Background: Models of Preference Reversals

We focus in what follows on models of human preference reversals in consumer product choice and gamble experiments. Because it is the primary contextual preference reversal type, we first introduce the attraction decoy task in more detail. We subsequently introduce the related decoys (the compromise, similarity, phantom, and inferior but nondominated decoys) in a later section of the article.

The attraction effect preference reversals, as illustrated in Figure 1, are observed experimentally when participants are asked to choose between options from various product categories including cars, restaurants, and beers (Huber et al., 1982). Each pair of options presented to participants shared two features such as price and quality. Two options A and B, with approximately equal utility such that each dominated the other on one of the features were presented. Two weeks after choosing between A and B in each of the categories, 93 participants returned to answer the same choice problems but with the decoy D added. The result, aggregated across product categories, was a nine point increase in percentage share for the option that dominated the new decoy. A follow up study (Huber & Puto, 1983) showed that the effect could also be achieved when the decoy is inferior to, but not strictly dominated by, one of the options.

The attraction effect has also been shown in choices between gambles (Wedell, 1991). The stimuli all had an expected value of approximately $10, but with different probabilities and values. For example, one problem was to choose between (.83, $12), (.67, $15), and (.78, $10). The last gamble in this set, the decoy, can be ruled out because both its P and its V are less than those in the first gamble. Choosing between the first two gambles is difficult because while one gamble dominates on P, the other dominates on V. A paired task was to choose between (.83, $12), (.67, $15), and (.62, $13). The first two gambles are the same as before but the new decoy is dominated by the second gamble rather than the first. In this paradigm, preference reversals can be measured as the proportion of pairs on which the dominating gamble is chosen in both variants. This study resulted in about 20% of choices exhibiting the attraction effect preference reversal.

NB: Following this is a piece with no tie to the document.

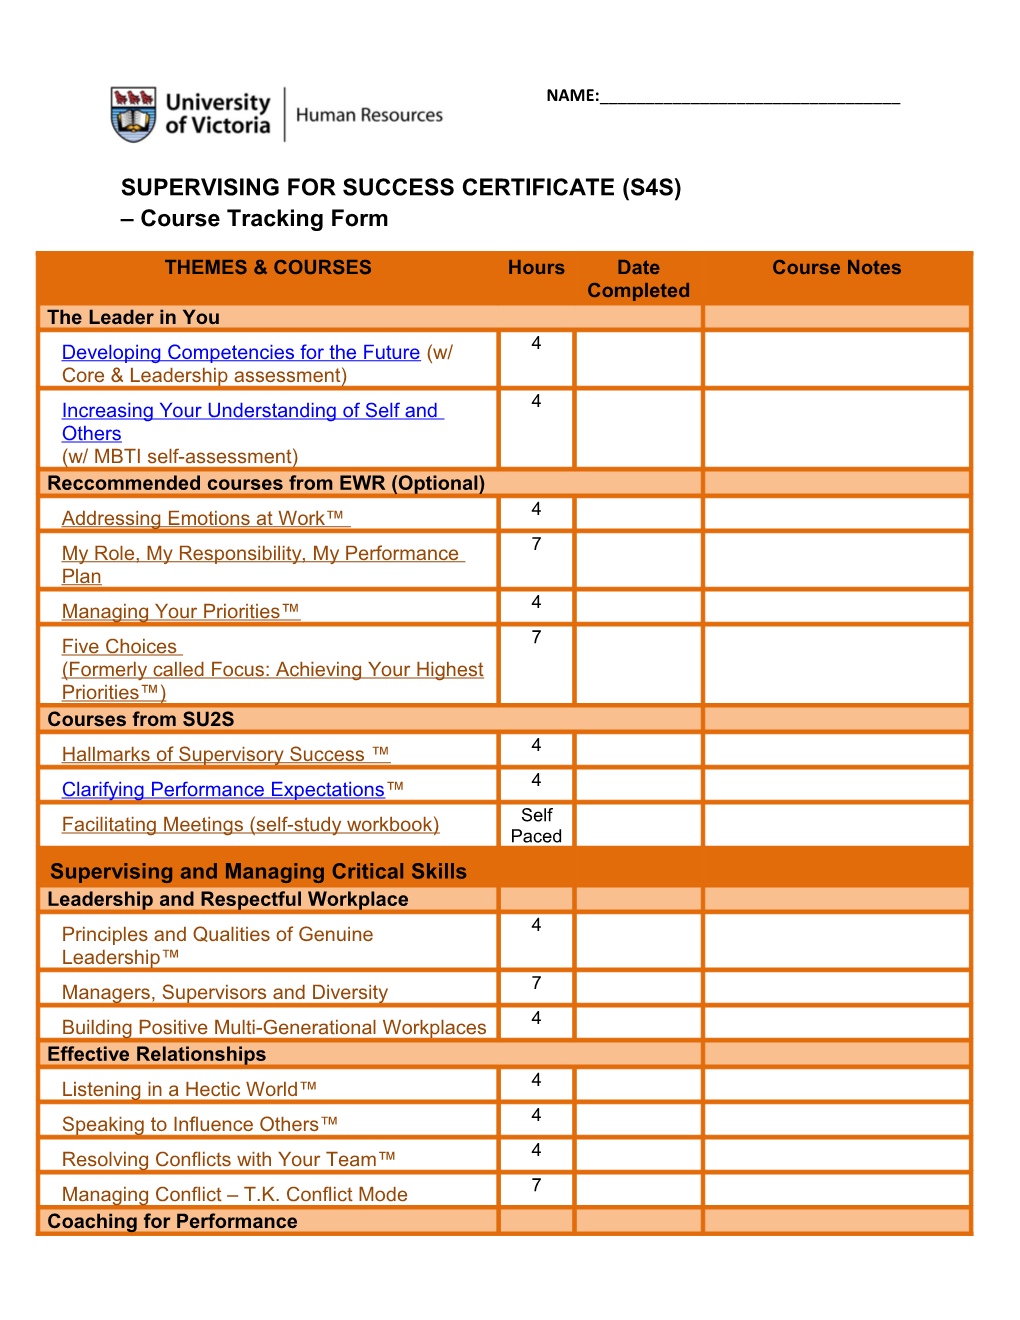 SUPERVISING for SUCCESS CERTIFICATE (S4S) Course Tracking Form

There have been many attempts to explain preference reversals in terms of underlying psychological processes. According to one early account, Range-Frequency Theory (Parducci, 1974), option D in Figure 1 extends the range of values on the y-axis thereby making B’s loss to A appear smaller than if option D were not present (Huber et al., 1982). In motivational accounts, it has been proposed that a participant’s desire to be able to justify their choice to the experimenter leads them to prefer a dominating option (Simonson, 1989). The argument is that it is easier to justify choosing B because it dominates one of the other options and A does not.

Tversky and Simonson (1993) proposed that preference reversals can be explained in terms of two psychological processes: a process that weights the effect of the background to the decision, and a comparison process that describes the effect of the local context. The local context might consist of a choice between three beers, and the background, experienced before the local context, might have included five or six other beers. The background process increases the value of options in the local context if, for example, they have a price that is lower than prices of beers in the background. The local context process increases the value of options that are better than proximal options that are also in the local context, and it does so by summing the relative advantage that each option has over other options in the set (Tversky & Simonson, 1993, p. 1186). The model calculates the relative advantage that each option has over other options on each feature. In the attraction effect, the dominating option’s relative advantage over the decoy exceeds the relative advantage of the other option over the decoy. Therefore, when the nondecoy options are compared only with each other, they will have equal choice probability, but when the decoy is included in close proximity to one of the options, this option will have a higher choice probability.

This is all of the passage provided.